Hacker News new | ask | show | jobs
by plttn 2494 days ago
I think it's one of those situations where he has the ability to wax poetic from his ivory tower simply because he doesn't have to exist in the real world in terms of technology.

If he had to exist in the real world, he would find it a lot harder to stick to those principles.

2 comments

I'm not sure that this makes a great case for him ceasing his endless fight to change "the real world in terms of technology" to reflect a vision that would allow everyone the choice to live as he does. It's quite literally the only thing he's known for, and all he'll be remembered for by most people.
I think it's also that his entire livelihood depends on him continuing to do so.
It's the problem with leaning into a niche viewpoint. You have to continue to lean harder and harder into that viewpoint as the times change in order to keep the people who also believe in that viewpoint supporting you.

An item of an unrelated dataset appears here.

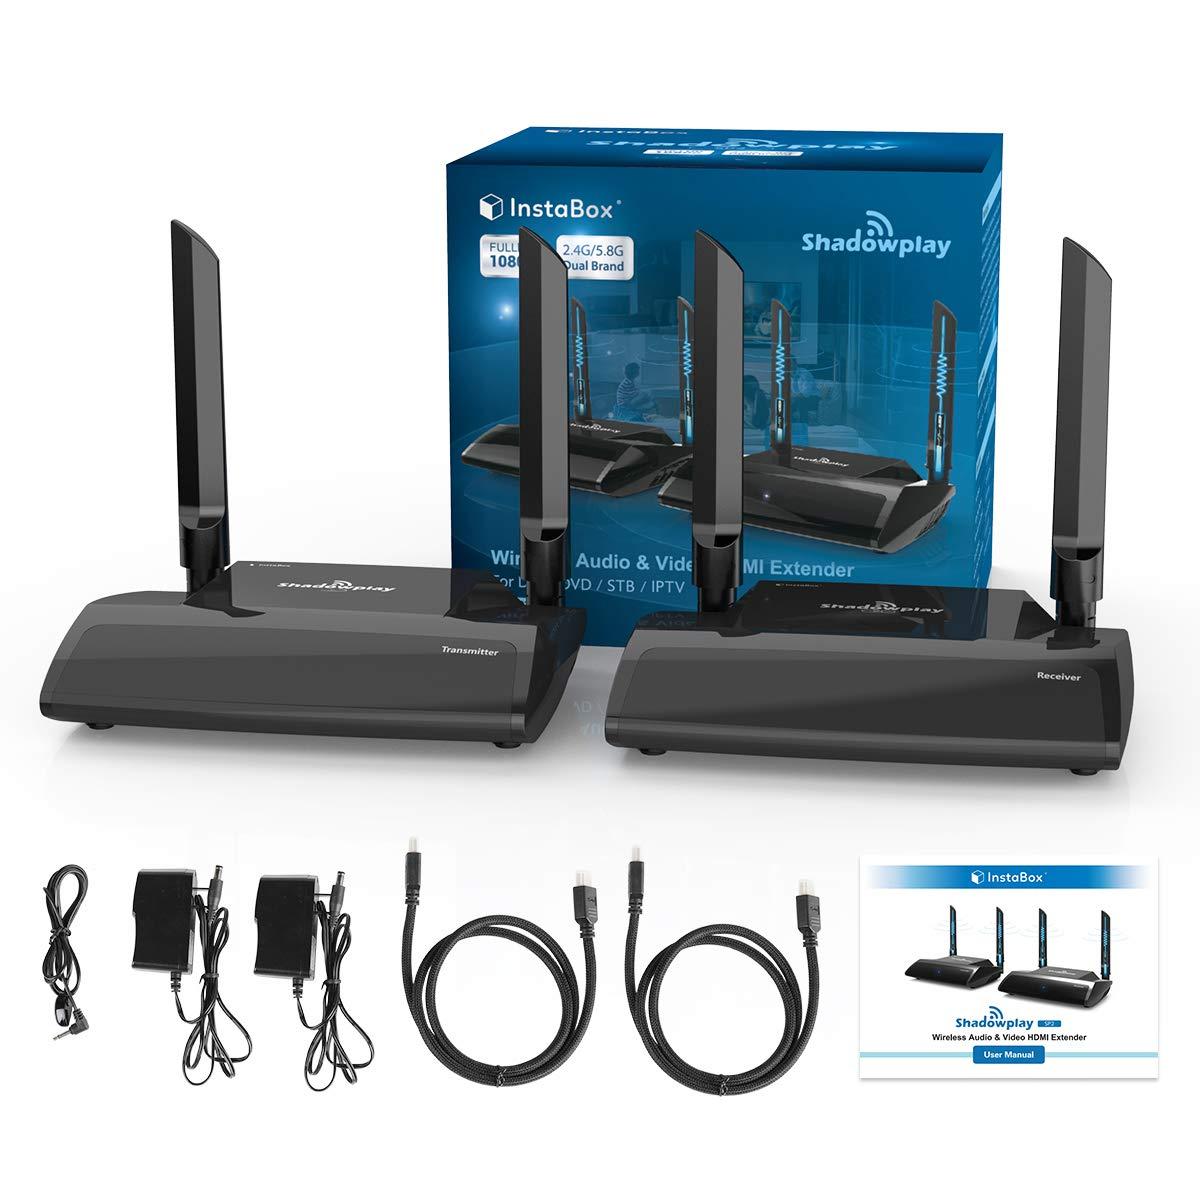 InstaBox Shadowplay SP2 1080P 3D Wireless HDMI Transmitter & Receiver Kit  Up to 330 ft, AV Sender Receiver w/IR Transmission, HDMI Extender Streaming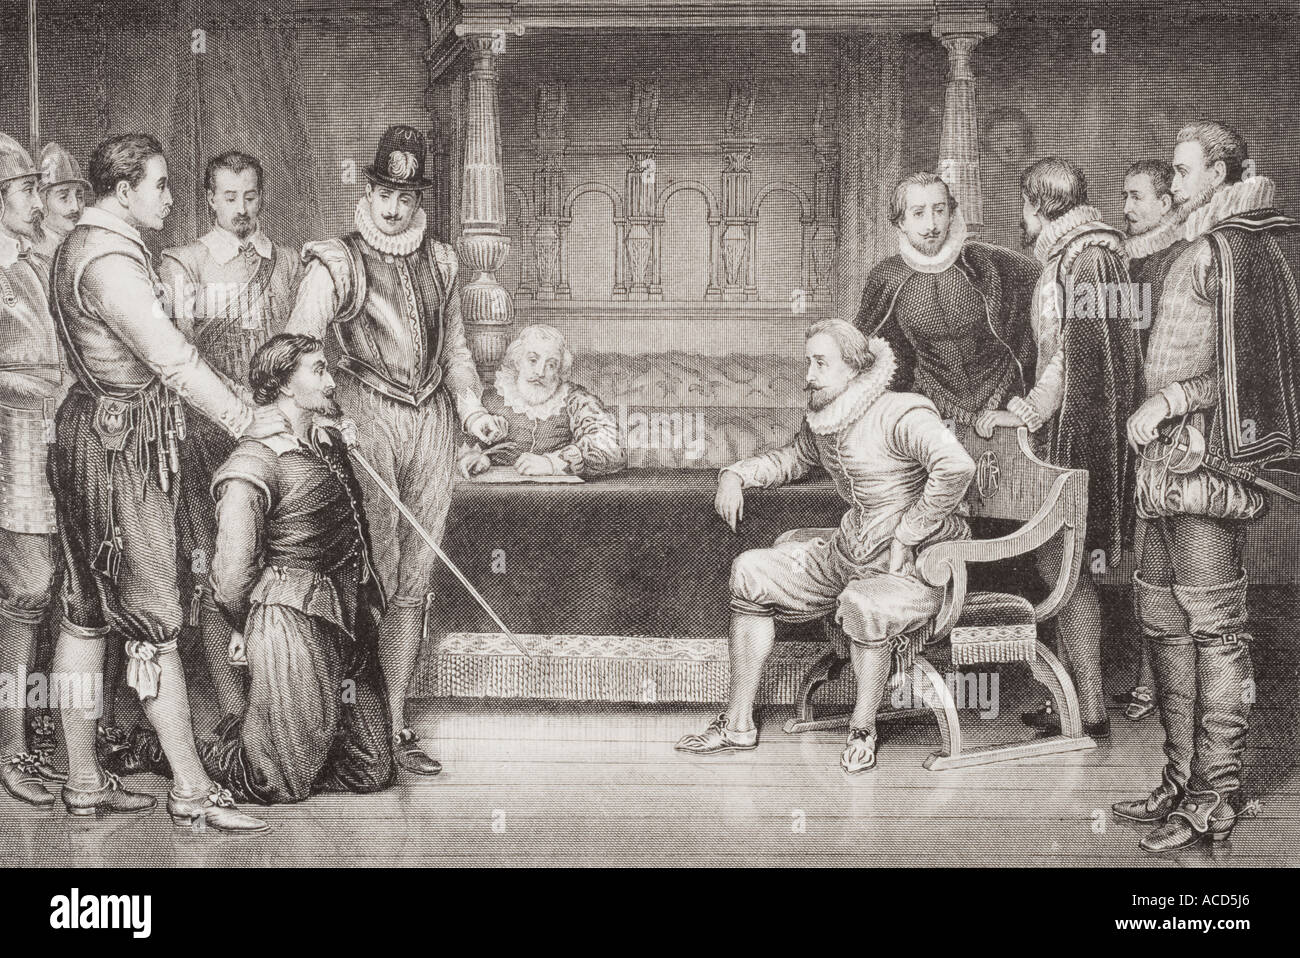 La Pólvora Parcela Guy Fawkes interrogados por Jaime I Imagen De Stock

I genuinely think the FSF/RMS level hate of non-free software will continue to die out as everyone starts to die/retire from public eye. Whether or not that's a good thing overall is not something I'm going to touch, but it seems like there's not enough being this aggressive to keep this viewpoint sustainable.

It doesn't.

RMS could very likely retire today, find himself a nice seaside property, get himself a parrot, and sit outside in the sun in his pants and hack on emacs to his heart's content.

The only genuinely weird thing about RMS is that he doesn't do exactly that.

He continues to do so because he has to because of who he is. It is his calling. Zealots (and zealotry is not always wrong) have to do what they do. The same is true of artists. They don't continue to create late into life because they need to monetarily, they do because that is what they do.